■ Information supplied ■
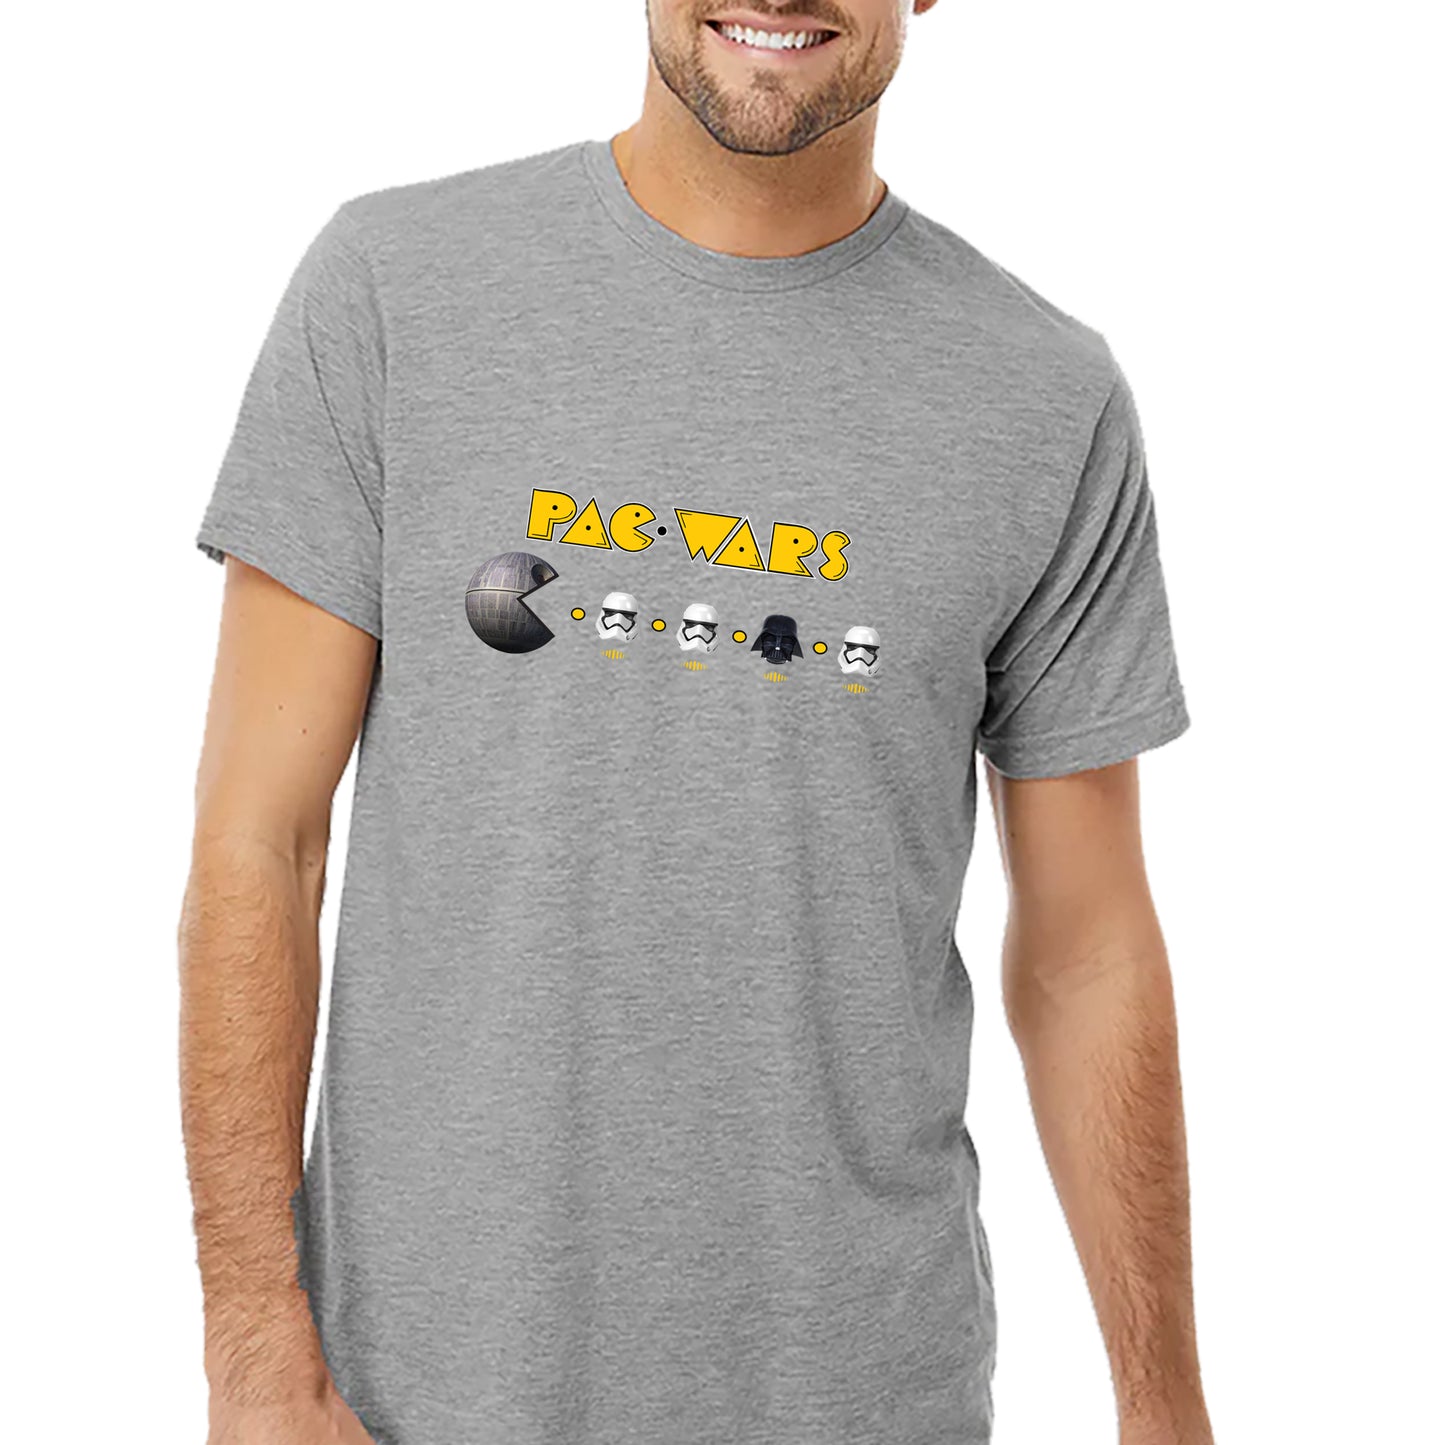 Pac Wars T-shirt
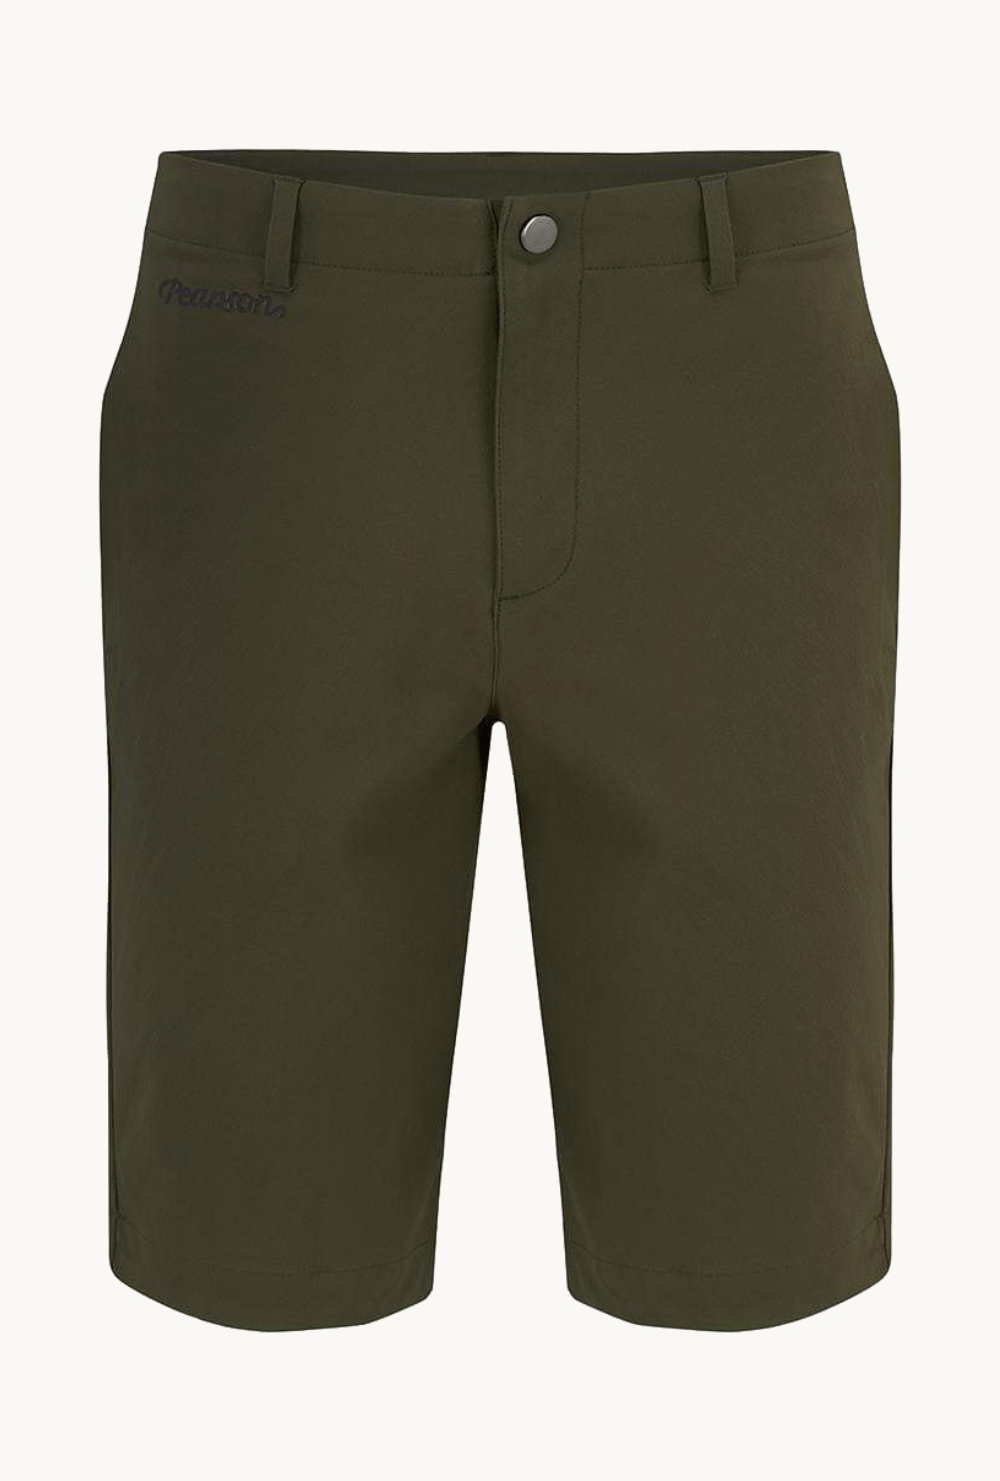 Pearson 1860  Kick Back - Urban Commuter Shorts Olive  Xx-large 38 / Olive
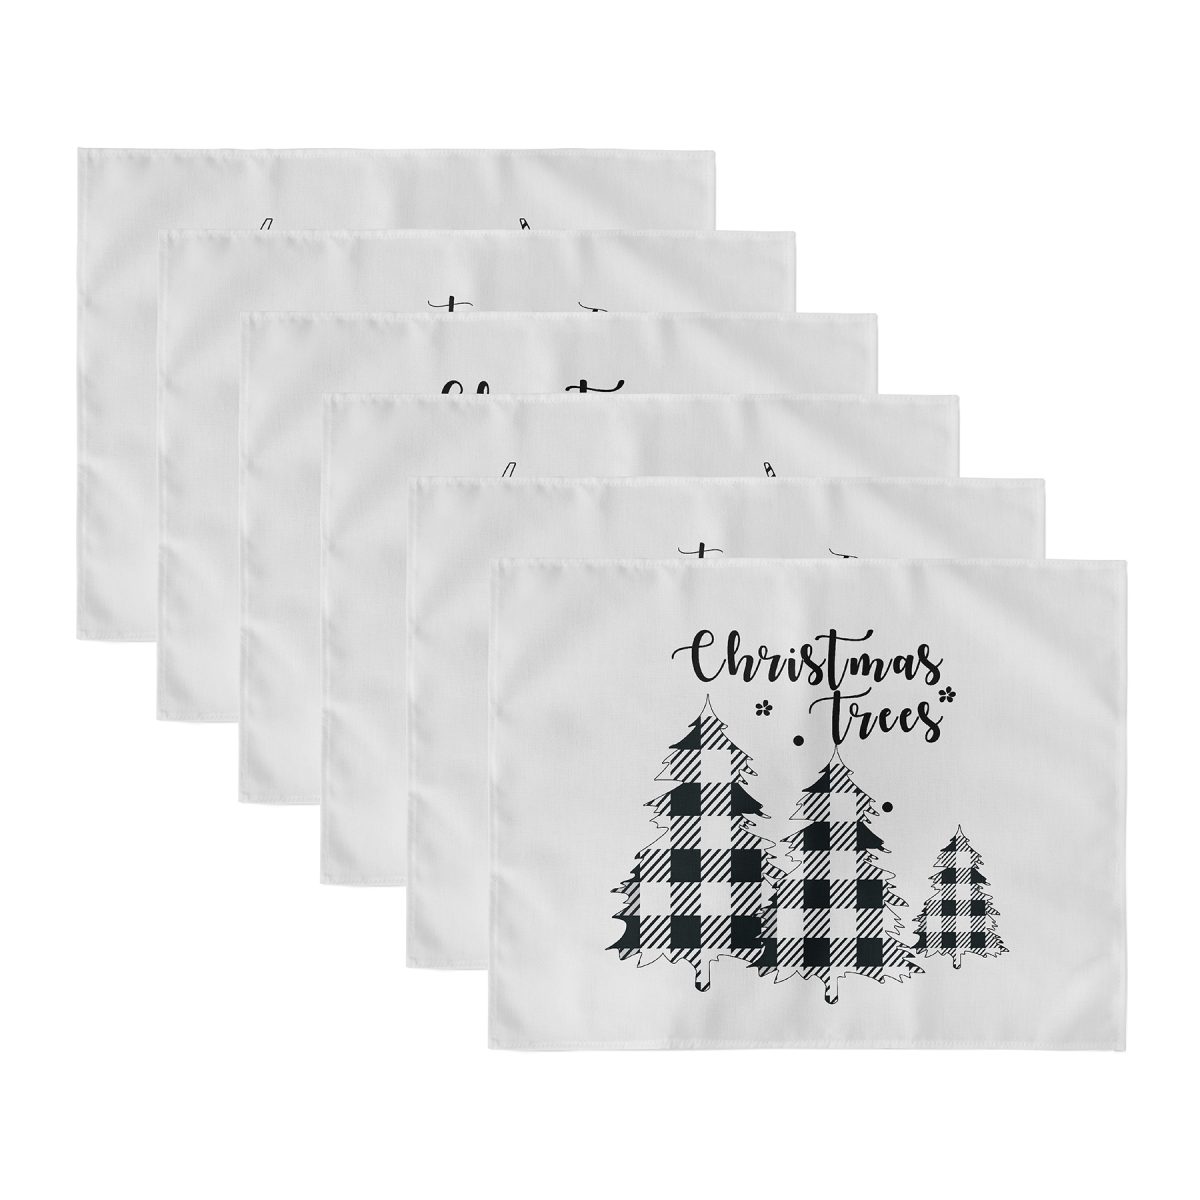 6'lı Siyah Beyaz Ekose Motifli Christmas Temalı Modern Sunum Altlığı - Amerikan Servis Seti Realhomes

■ Exercise ■
Keep every word of the lines above unchanged in the copy, and omit the pictures.

■ Answer area ■
 Pac Wars T-shirt
 Pearson 1860  Kick Back - Urban Commuter Shorts Olive  Xx-large 38 / Olive
 6'lı Siyah Beyaz Ekose Motifli Christmas Temalı Modern Sunum Altlığı - Amerikan Servis Seti Realhomes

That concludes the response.